Page MenuHomePhabricator

Parsercache issues in codfw causing large-scale outage
Closed, ResolvedPublicPRODUCTION ERROR

Description

https://www.wikimediastatus.net/incidents/b406lmnx5s57

I repeatedly got while trying to access https://commons.wikimedia.org/wiki/Commons:Featured_picture_candidates/candidate_list and https://commons.wikimedia.org/wiki/Commons:Administrators%27_noticeboard/Blocks_and_protections (no edit, just reading):

Our servers are currently under maintenance or experiencing a technical problem. Please try again in a few minutes.
See the error message at the bottom of this page for more information.

Request from 78.242.214.114 via cp6013.drmrs.wmnet, ATS/9.2.5
Error: 502, Broken pipe at 2024-10-24 10:56:45 GMT

Event Timeline

And now, while editing https://commons.wikimedia.org/w/index.php?title=Commons:Featured_picture_candidates/File:Calaveras_of_day_of_the_dead_in_mexico.jpg&action=submit

Request from 89.248.174.2 via cp3067.esams.wmnet, ATS/9.2.5
Error: 502, Broken pipe at 2024-10-24 11:09:38 GMT

https://commons.wikimedia.org/w/index.php?title=Commons:Featured_picture_candidates/File:Narrentag-Oberndorf_2024-Nachtumzug-07985.jpg&action=submit

Original error: upstream connect error or disconnect/reset before headers. reset reason: connection termination

This happens on any page on any wiki trying to open it while logged-in.

CDanis renamed this task from Error: 502, Broken pipe via cp6013.drmrs.wmnet to Parsercache issues in codfw causing large-scale outage.Oct 24 2024, 1:10 PM
CDanis triaged this task as High priority.
CDanis updated the task description. (Show Details)
CDanis added projects: DBA, SRE.

Change #1082778 had a related patch set uploaded (by CDanis; author: CDanis):

[operations/deployment-charts@master] changeprop: parsoidCachePrewarm: halve concurrency

https://gerrit.wikimedia.org/r/1082778

Change #1082778 merged by jenkins-bot:

[operations/deployment-charts@master] changeprop: parsoidCachePrewarm: halve concurrency

https://gerrit.wikimedia.org/r/1082778

I linked the above task: T378385: Spike in JobQueue job backlog time (500ms -> 4-8 minutes), as mitigations may have slowed down jobqueue processing. We may need to have a look, as while almost surely was a consequence of the reduced concurrency, it could show some interesting signal, too- as potentially the bottleneck/increased load could have started before the incident.

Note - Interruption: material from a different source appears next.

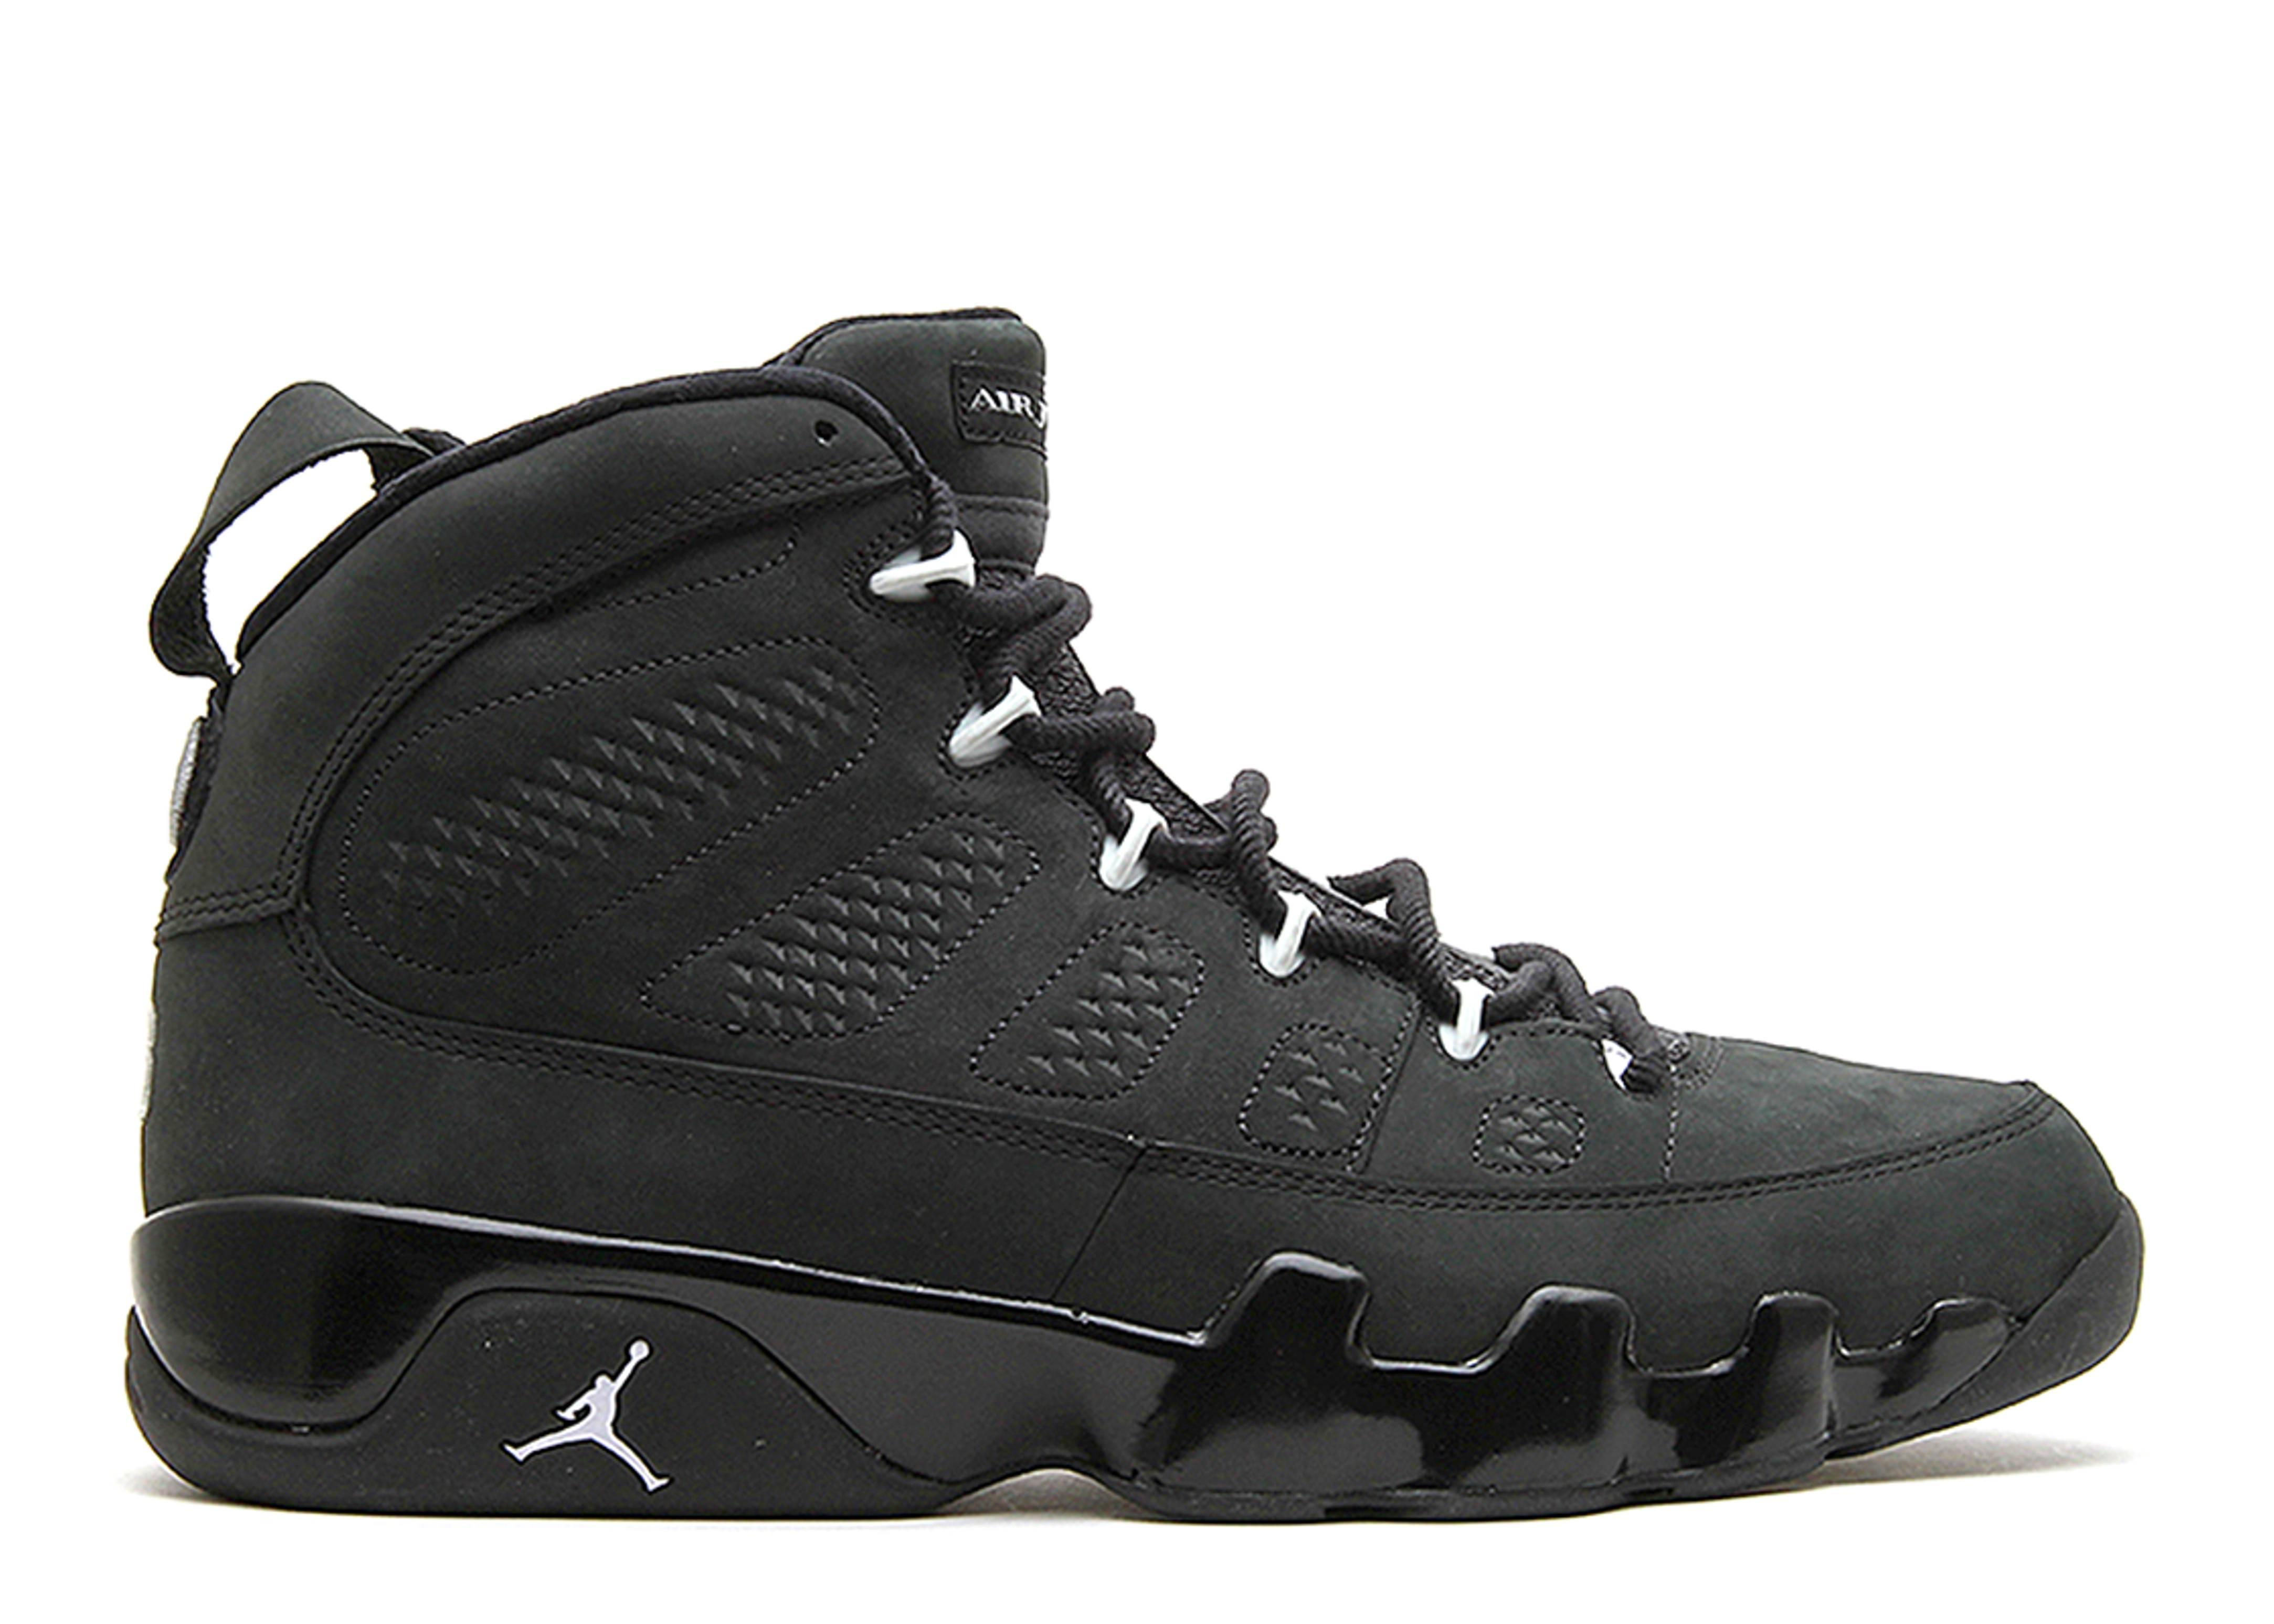 7d41884e62b0 Air Jordan 9 Retro

Ladsgroup moved this task from Refine to Done on the DBA board.
Ladsgroup subscribed.

The issue is over (and has been over for weeks now), we are changing how parsercache works drastically which would reduce the impact of such issues and outages. It doesn't make sense to keep this ticket open.

Change #1108141 had a related patch set uploaded (by Ladsgroup; author: Amir Sarabadani):

[operations/mediawiki-config@master] ParserCache: Set connect and recieve timeouts

https://gerrit.wikimedia.org/r/1108141

Change #1108141 merged by jenkins-bot:

[operations/mediawiki-config@master] ParserCache: Set connect and recieve timeouts

https://gerrit.wikimedia.org/r/1108141

Mentioned in SAL (#wikimedia-operations) [2025-01-06T12:40:55Z] <ladsgroup@deploy2002> Started scap sync-world: Backport for [[gerrit:1108141|ParserCache: Set connect and recieve timeouts (T378076 T373037)]]

Mentioned in SAL (#wikimedia-operations) [2025-01-06T12:46:34Z] <ladsgroup@deploy2002> ladsgroup: Backport for [[gerrit:1108141|ParserCache: Set connect and recieve timeouts (T378076 T373037)]] synced to the testservers (https://wikitech.wikimedia.org/wiki/Mwdebug)

Mentioned in SAL (#wikimedia-operations) [2025-01-06T12:54:34Z] <ladsgroup@deploy2002> Finished scap sync-world: Backport for [[gerrit:1108141|ParserCache: Set connect and recieve timeouts (T378076 T373037)]] (duration: 13m 39s)